EXERCISE INPUT
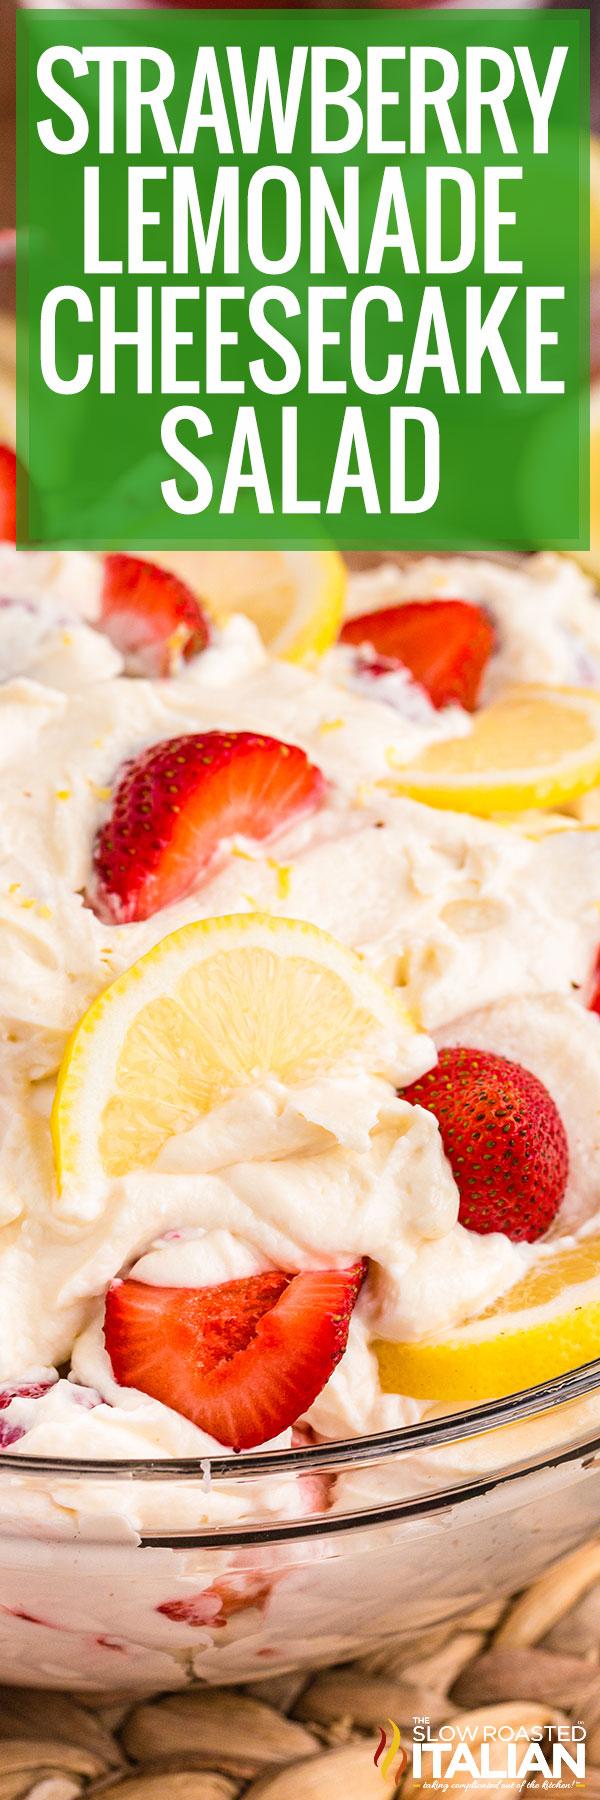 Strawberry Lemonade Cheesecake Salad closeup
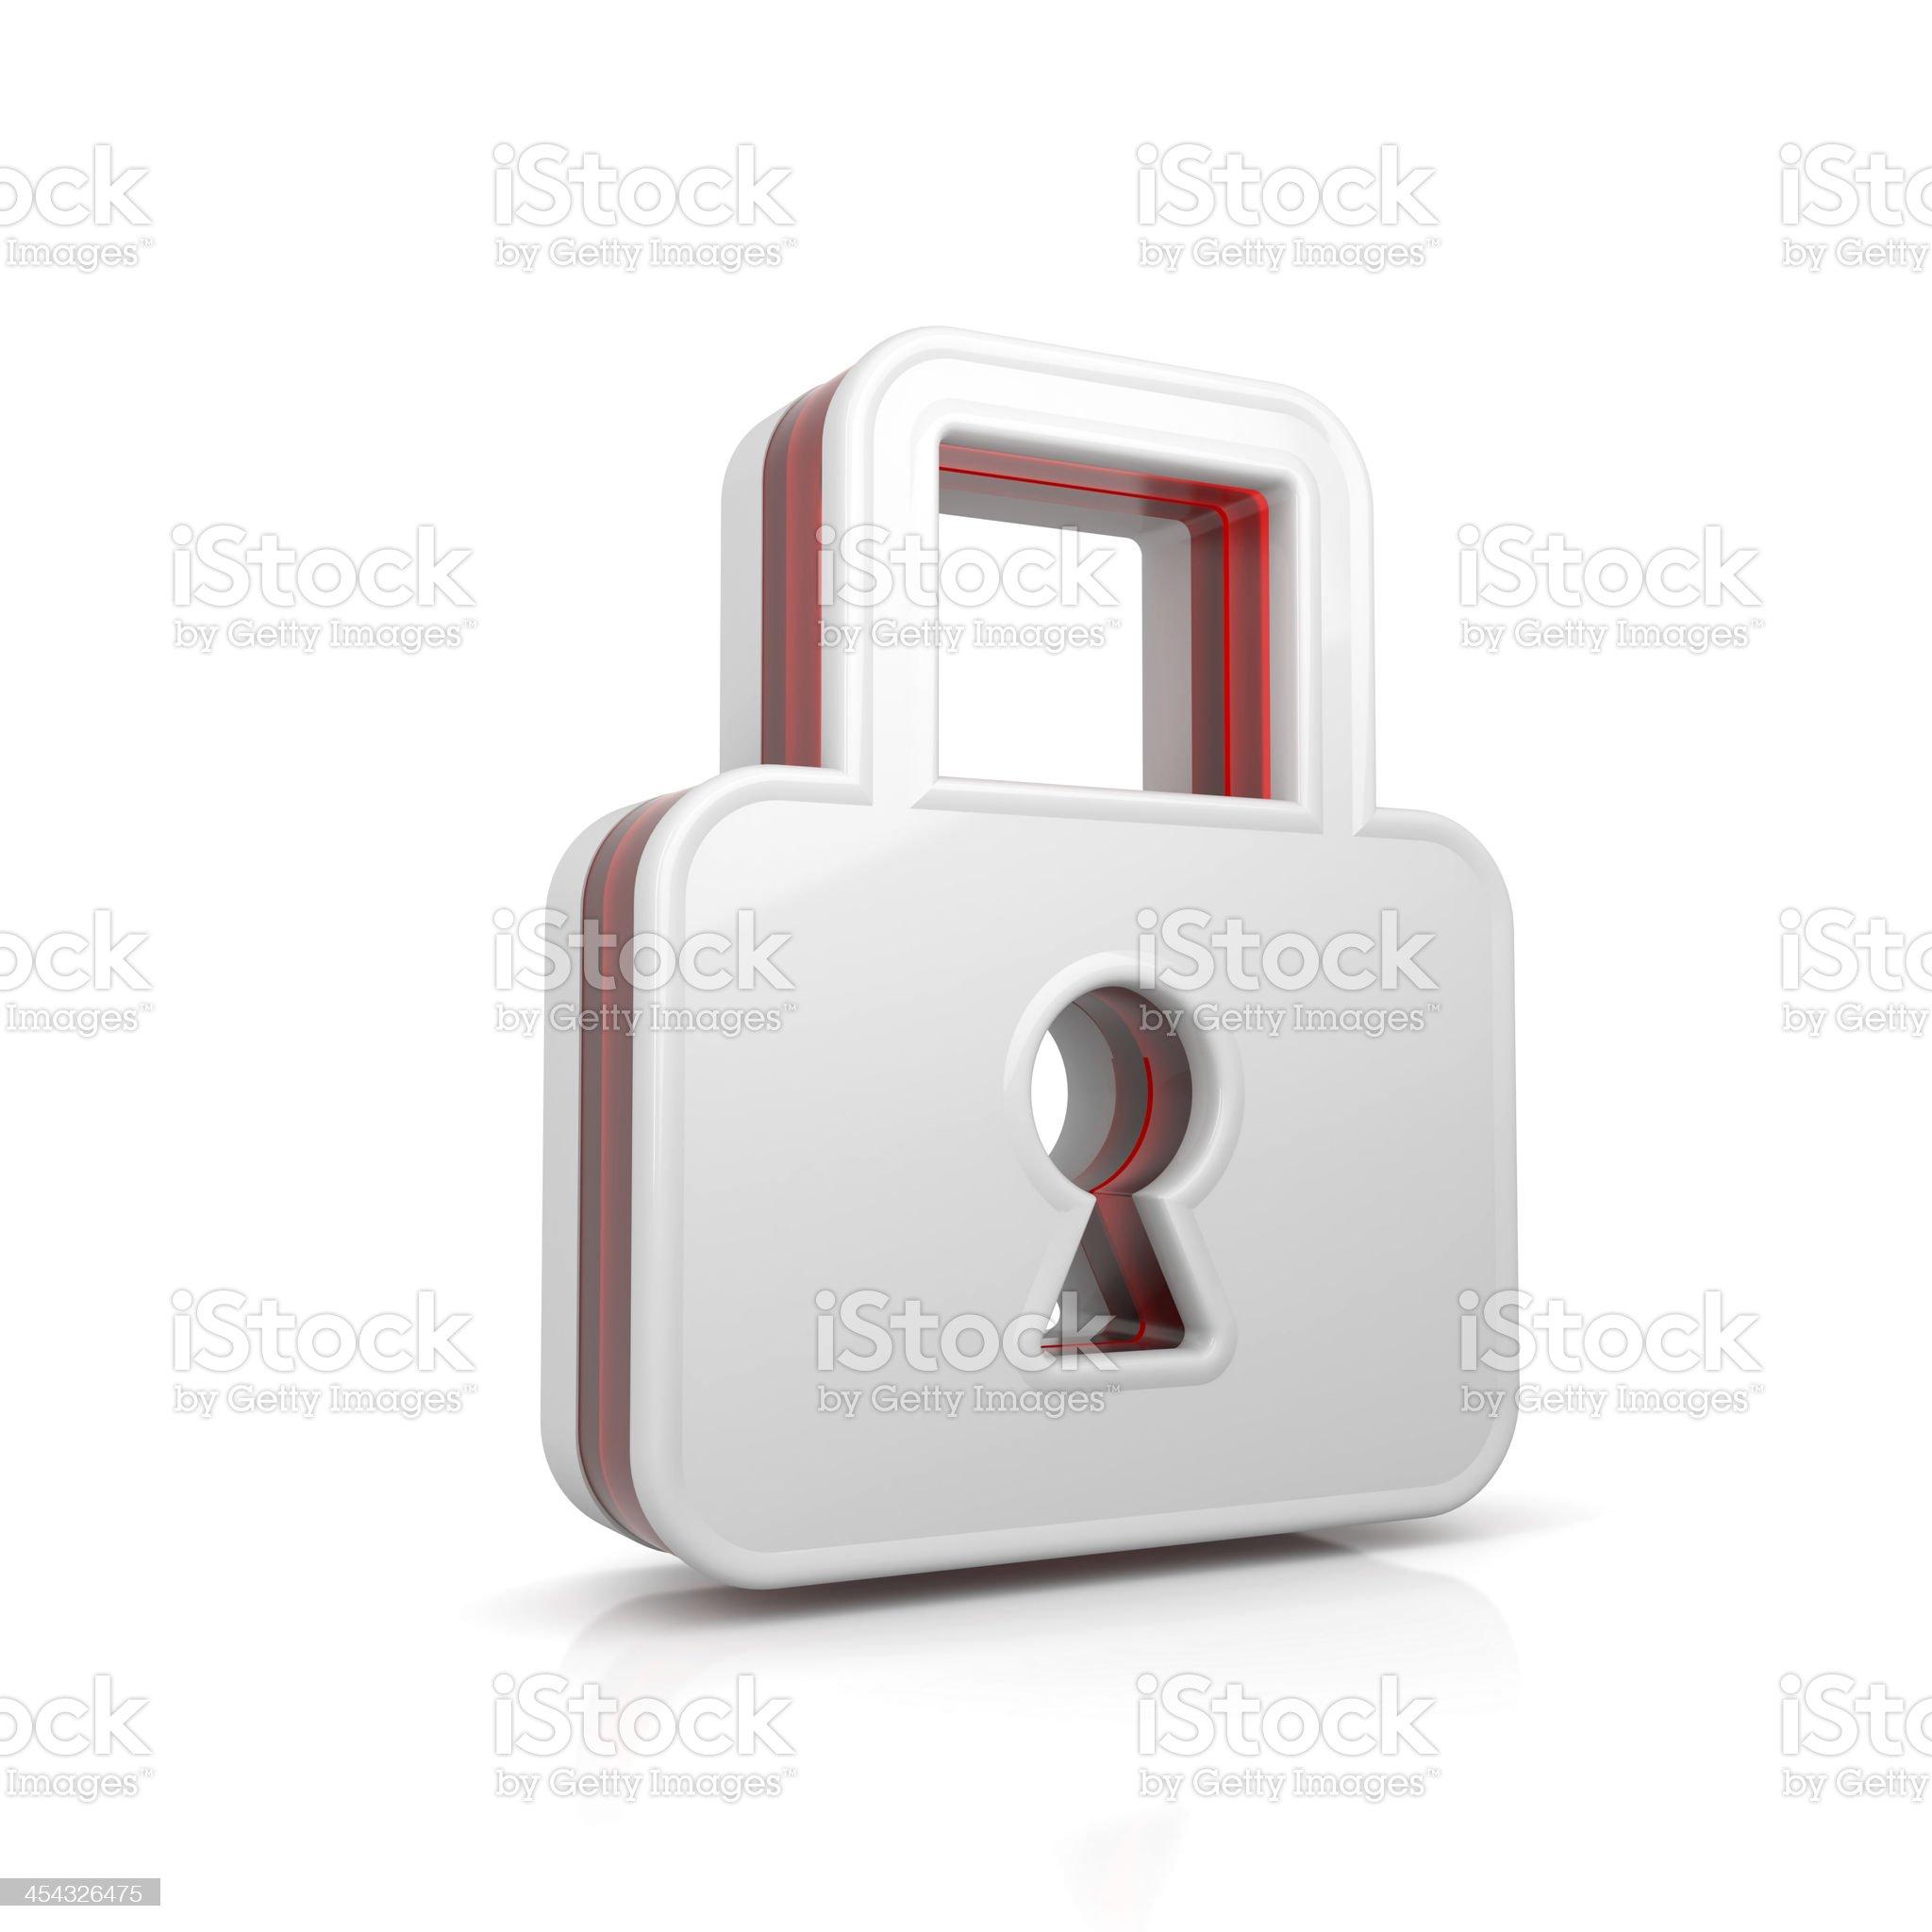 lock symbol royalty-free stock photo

--

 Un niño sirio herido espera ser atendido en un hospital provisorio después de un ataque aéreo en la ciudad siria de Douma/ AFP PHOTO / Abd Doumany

TASK
In the data above, retype only the stretch from the line with "Strawberry Lemonade Cheesecake Salad closeup" through the line with "lock symbol royalty-free stock photo", word for word, and skip any pictures.

REPLY TO THE TASK
 Strawberry Lemonade Cheesecake Salad closeup
 lock symbol royalty-free stock photo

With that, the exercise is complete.